# Picture of my pan. What's happened?



## g23 (Jul 16, 2007)

hi everyone,

i ask a question last week regarding what's happened to my pan and someone said to post a picture up. i tried to clean it with salt like someone suggested but it didn't get rid of the splotches. does it look like the factory season is coming off. is it safe to cook with and why am i still able to use it without food sticking on it if the seasoning is coming off. thanks


----------



## AllenOK (Jul 16, 2007)

Ok, easier to understand now.

Yes, some of the seasoning is coming off, but not all of it.  Even in the "blotchy" areas, there is still some seasoning, which is why the pan doesn't stick.

My big 12" skillet looks about the same.  Yours is perfectly safe to cook with.

I would suggest that each time you clean it, dry it over the heat, and once it just starts to smoke, wipe it down with some shortening.  I do that to all my cast iron after every use.


----------



## Barb L. (Jul 16, 2007)

Hey that looks like mine too !!


----------



## g23 (Jul 16, 2007)

AllenOK said:
			
		

> Ok, easier to understand now.
> 
> My big 12" skillet looks about the same.
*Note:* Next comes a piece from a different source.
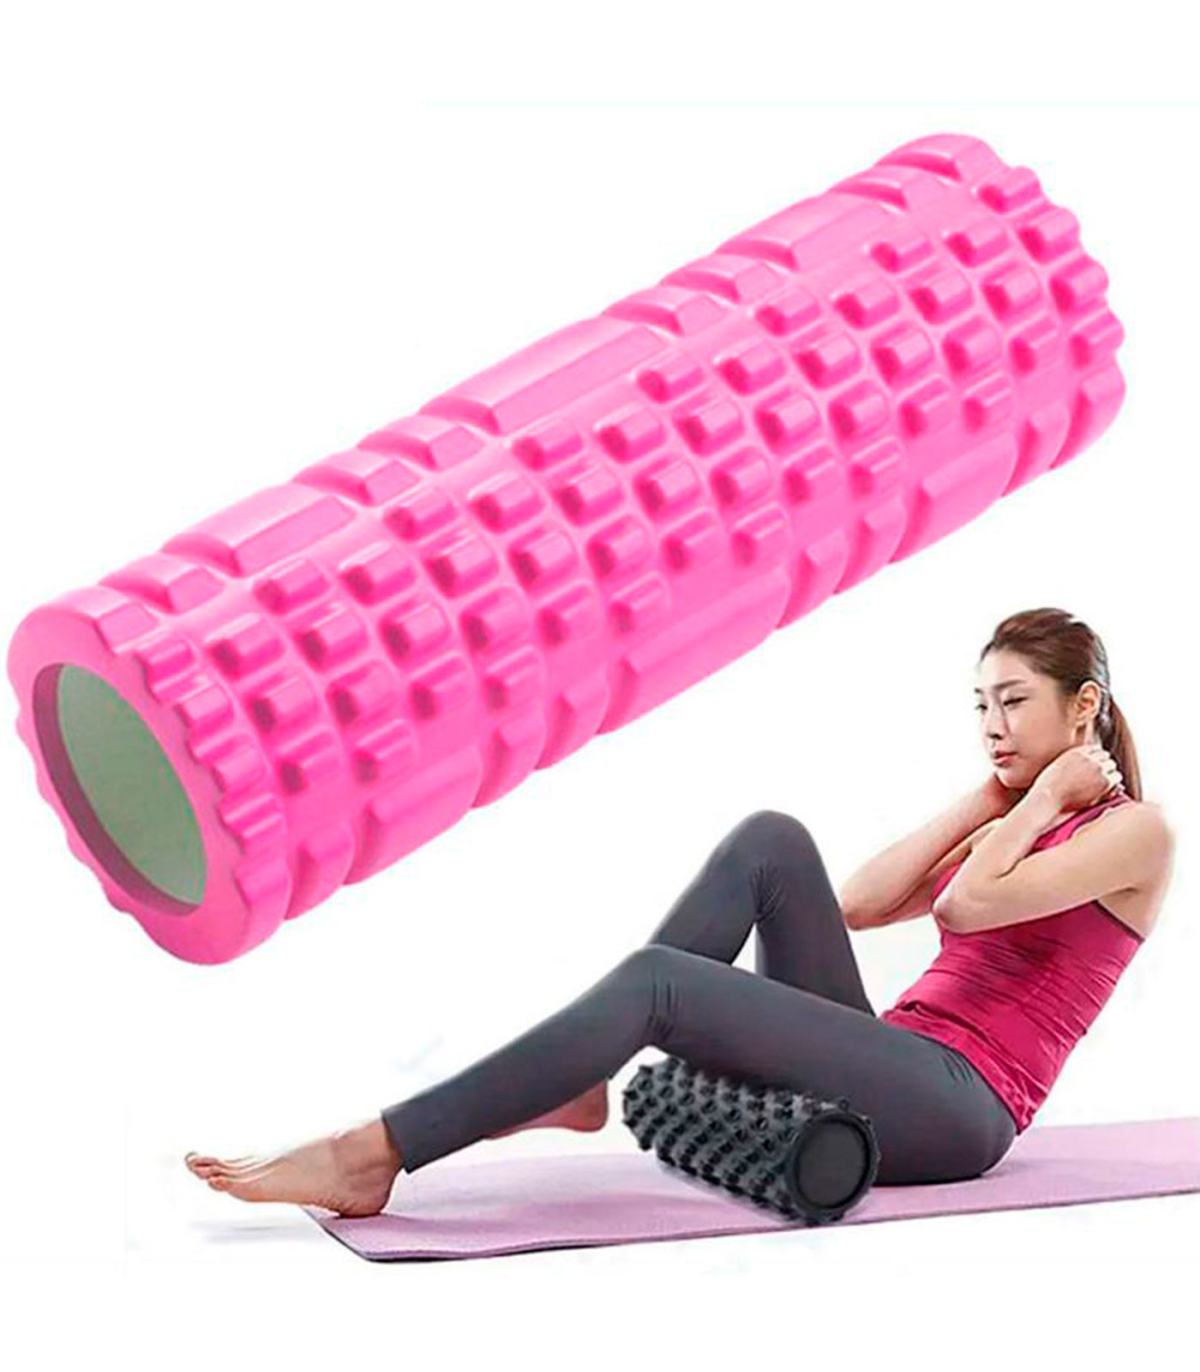 Tradineur - Rodillo de yoga, gomaespuma, cilindro de movilidad y masaje,  múltiples posturas, estiramientos, fitness, automasaje

Yours is perfectly safe to cook with.
> 
> I would suggest that each time you clean it, dry it over the heat, and once it just starts to smoke, wipe it down with some shortening. I do that to all my cast iron after every use.


 
yes, i do dry over heat and try to look after it well like always warm up on low then turn heat higher, always oil after washing and dry well so how come the pan's seasoning is coming off?


----------



## g23 (Jul 16, 2007)

Barb L. said:
			
		

> Hey that looks like mine too !!


 
your pan looks like that too. that's not normal though is it? so should i just leave it or scrub it out and reseason?


----------



## mudbug (Jul 16, 2007)

g23, did you cook anything tomatoe-y or lemon-y in that pan?  acidics can affect the finish of a CI pan.


----------



## g23 (Jul 16, 2007)

no nothing of that sort as i know i need the pan very well season to do that and pan is only 3 monts old


----------



## g23 (Jul 16, 2007)

but i do remember cooking a small roast and fill pan half way with stock. don't know if that might have cost the splotches


----------



## mudbug (Jul 16, 2007)

it might have if you didn't clean it out right away.  I wouldn't worry too much, though.  Your pan looks pretty good and will toughen up with more seasoning (rubbing fat on it and heating it).


----------



## keltin (Jul 16, 2007)

What about metal utensils? I know many people that prefer wooden utensils over metal ones because the believe the metal can chip away the seasoning. (it doesn’t seem to on mine though).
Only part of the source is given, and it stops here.